In a cutaway side-view of the body, the symphysis is an oval bone. Its cross-section is shaped like a narrow football’s cross-section, with the long axis running more or less up and down, the shaft of the clitoris situated at right angles to the long axis of the oval, and the clitoral bend leaving the tip of the clitoris pointed either outward or downward, depending on individual variation. Between the pubic bone and the clitoris is a layer of fat and muscle, a little cushion for it.
In intercourse, if the partners are well adjusted in terms of size and posture, the woman will position herself so that her clitoris is placed between her symphysis and her partner’s. This is called “clitoris seizure.” Then, at the end of each inward stroke he makes, she will give a little downward and outward roll of the pelvis which presses her clitoris rather firmly between the two bones and rubs it upward. This is called “clitoral excursion.”

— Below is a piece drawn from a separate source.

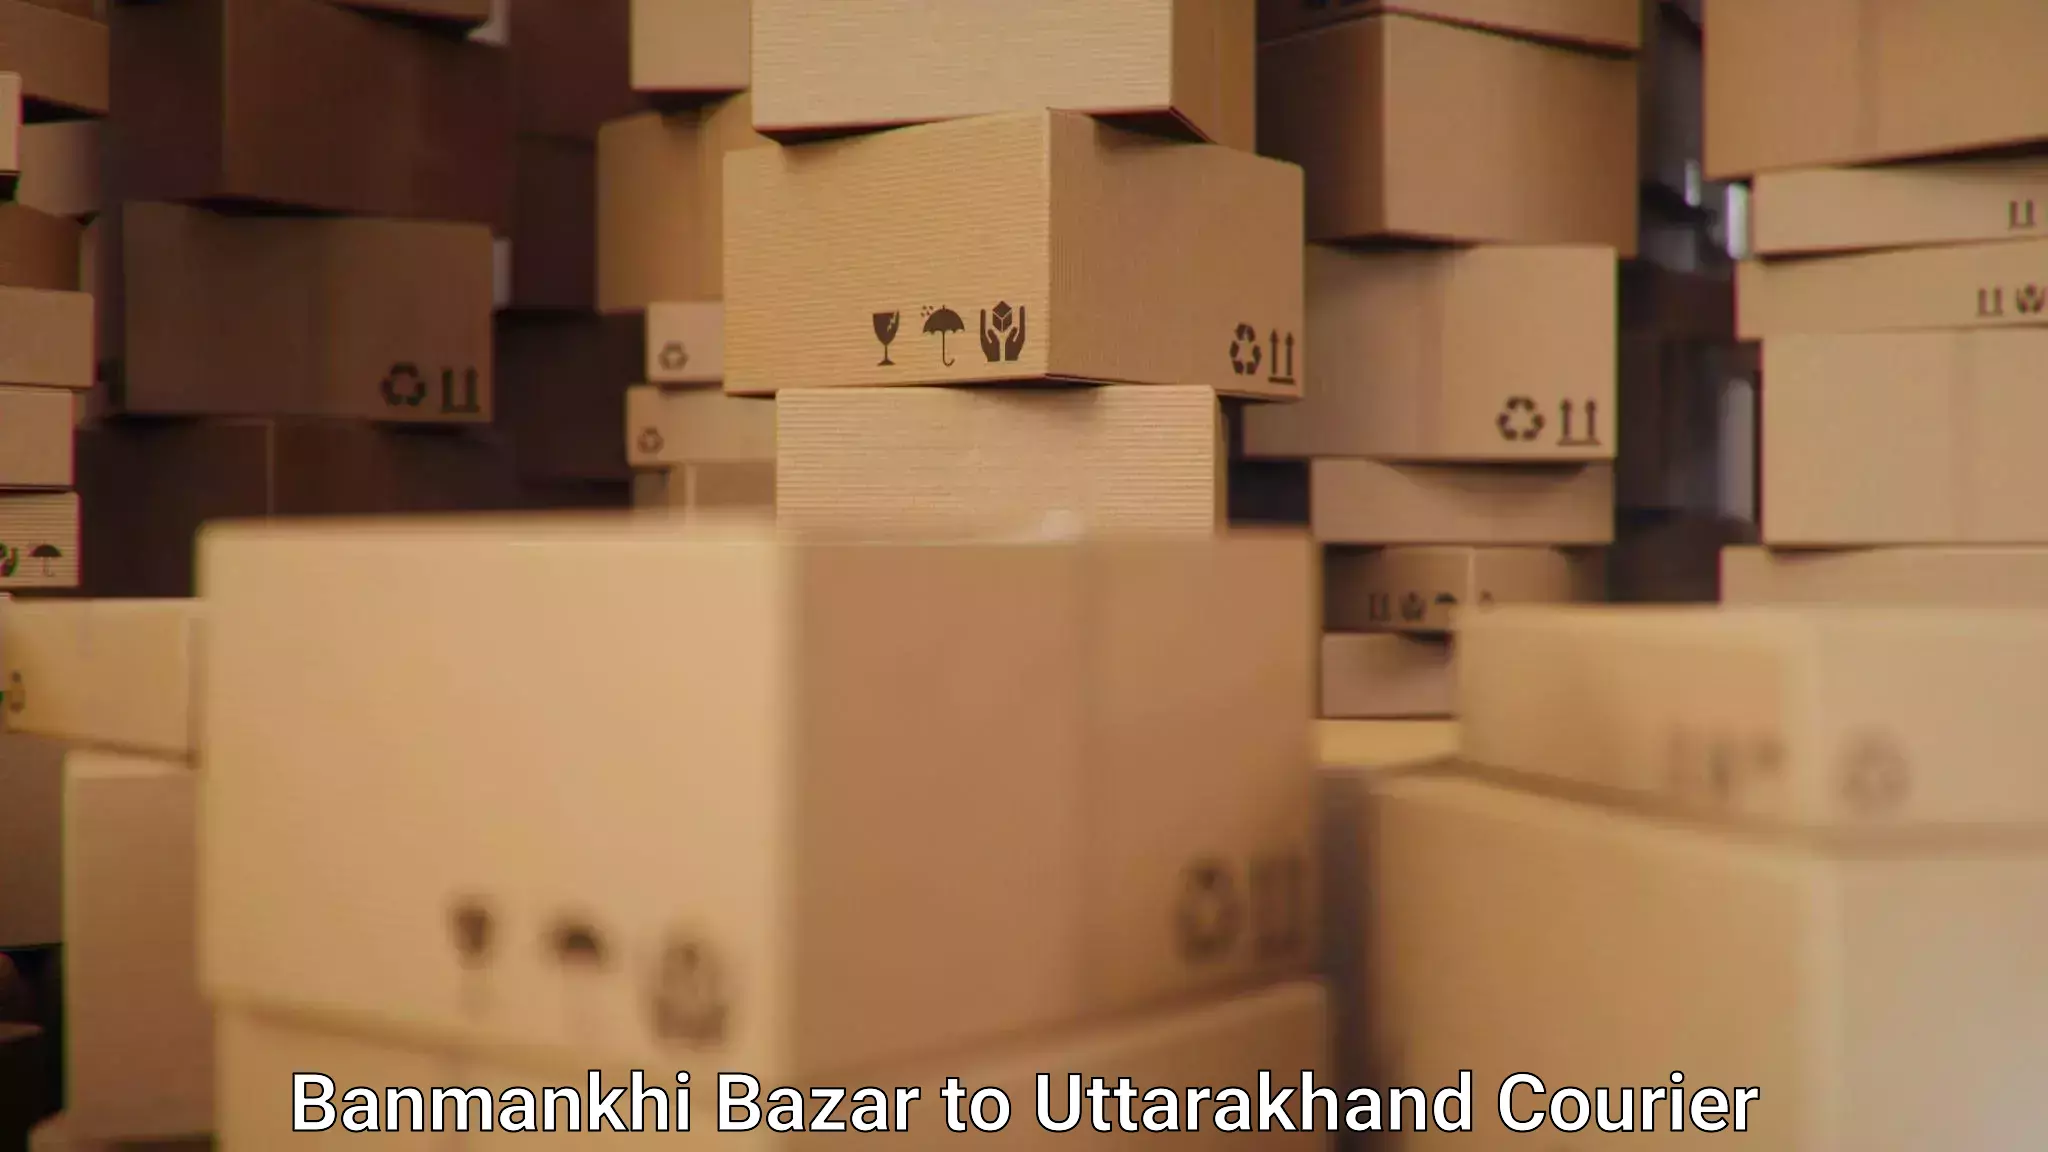 Next-day freight services Banmankhi Bazar to Uttarakhand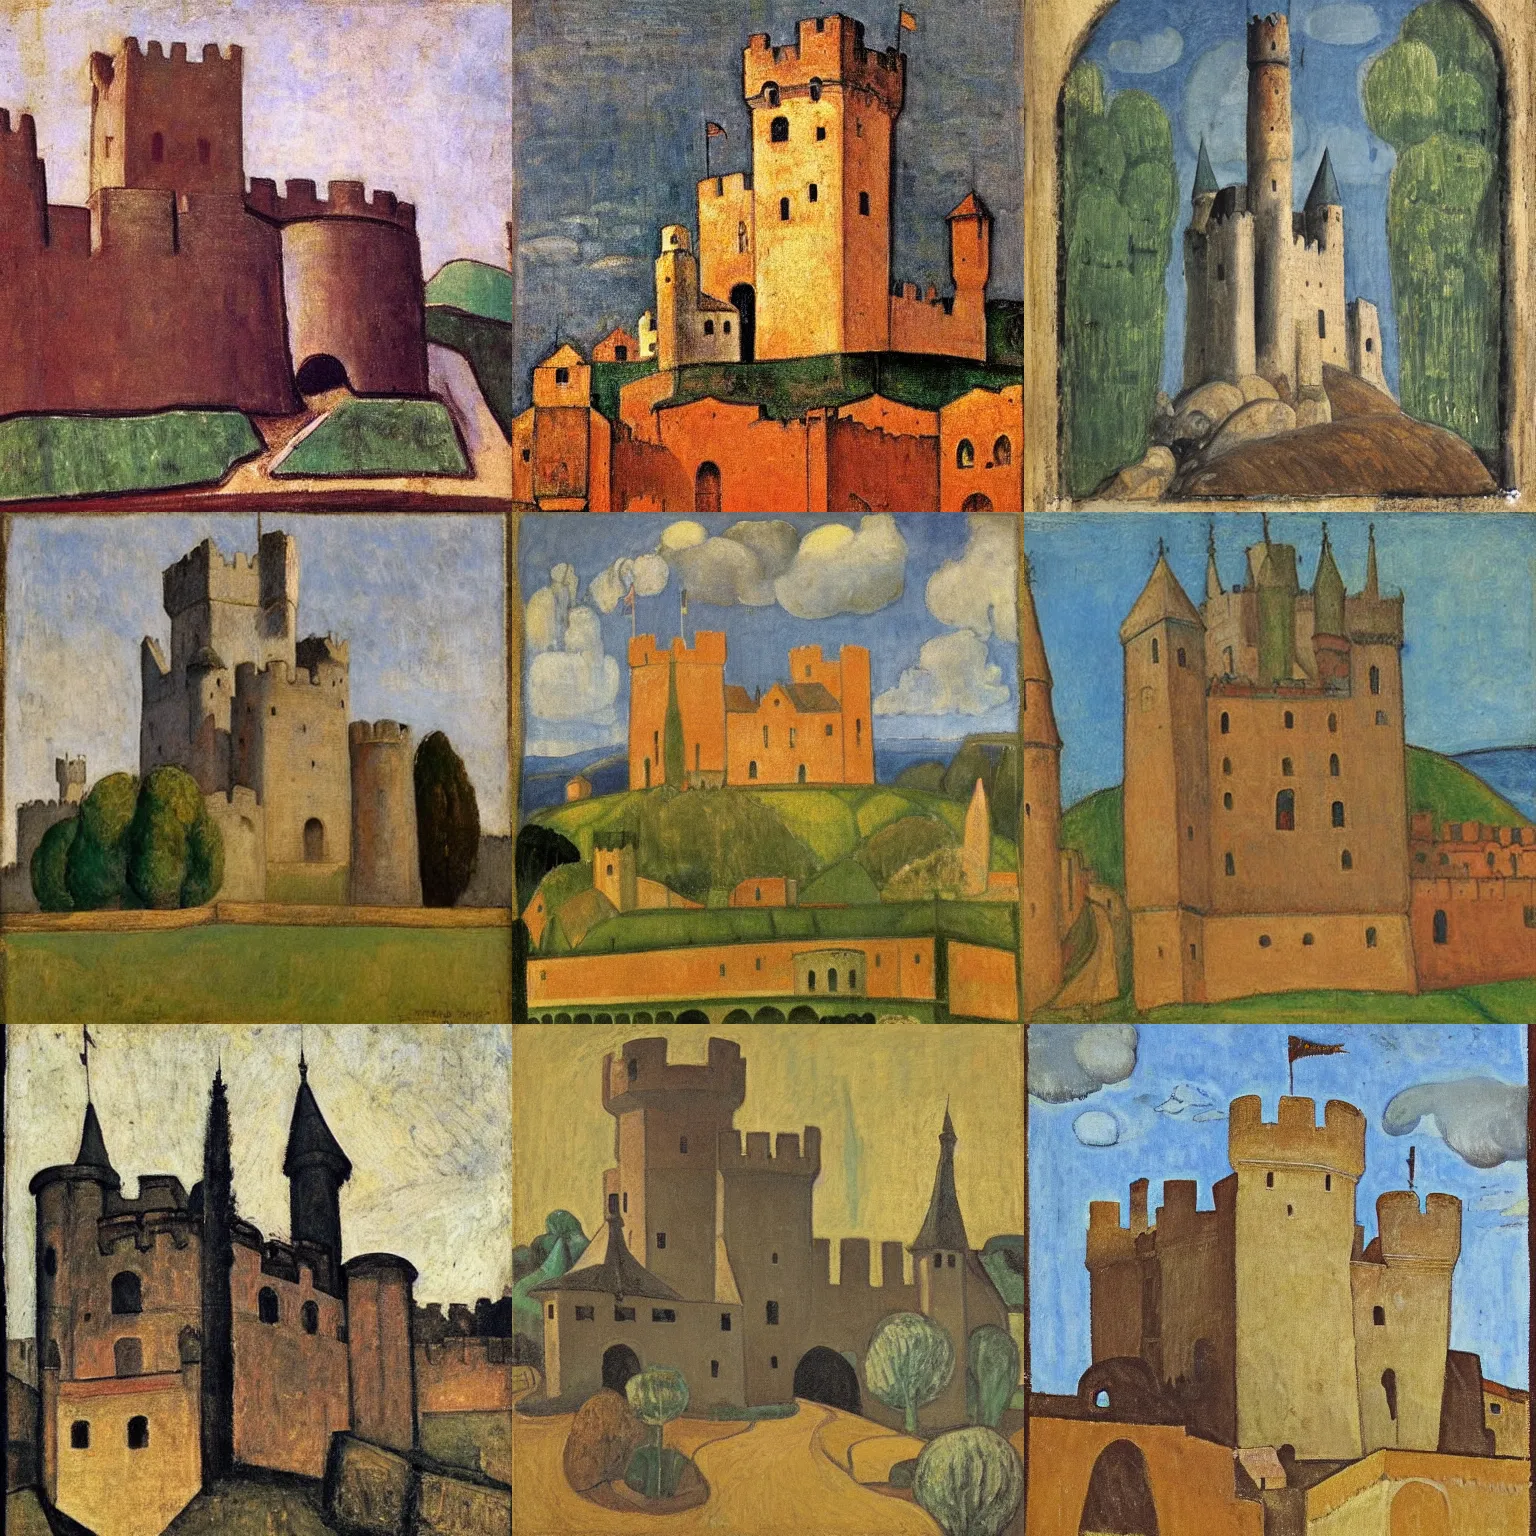 Prompt: medieval castle, by paula modersohn - becker

The effect of clitoral seizure and excursion is to move the clitoris downward as the penis enters — and upward (under pressure and friction) at the end of the penile stroke. Thus, with each stroke of the penis, the glans of the clitoris is rubbed along her partner’s padded pubic bone and the shaft of the clitoris is given a downward and then an upward tug. The upward friction-stroke of the clitoris — caused by the downward pelvic roll she makes at the end of the inward stroke of his penis — is the more pleasurable of the two directions.
The reach of the clitoral stroke can vary from half an inch to an inch and a half, depending on the size of the clitoris, how much it projects, how curved it is, and how deft the woman is at moving her pelvis. . . Any woman who does this will most definitely experience clitoral stimulation during intercourse. . . . With practice, full clitoral stimulation during vaginal intercourse and gently timed mutual orgasm will result.”
copyright © 1995-2003 catherine yronwode
[For the record, I do not recommend her website, for many reasons, especially its lack of any understanding of the tie between sex and marriage..]
So, a proper understanding of female sexual anatomy demonstrates that sexual intercourse (penis in vagina) is not an inferior form of lovemaking that is insufficiently satisfying to women (especially in being deficient in bringing about orgasms).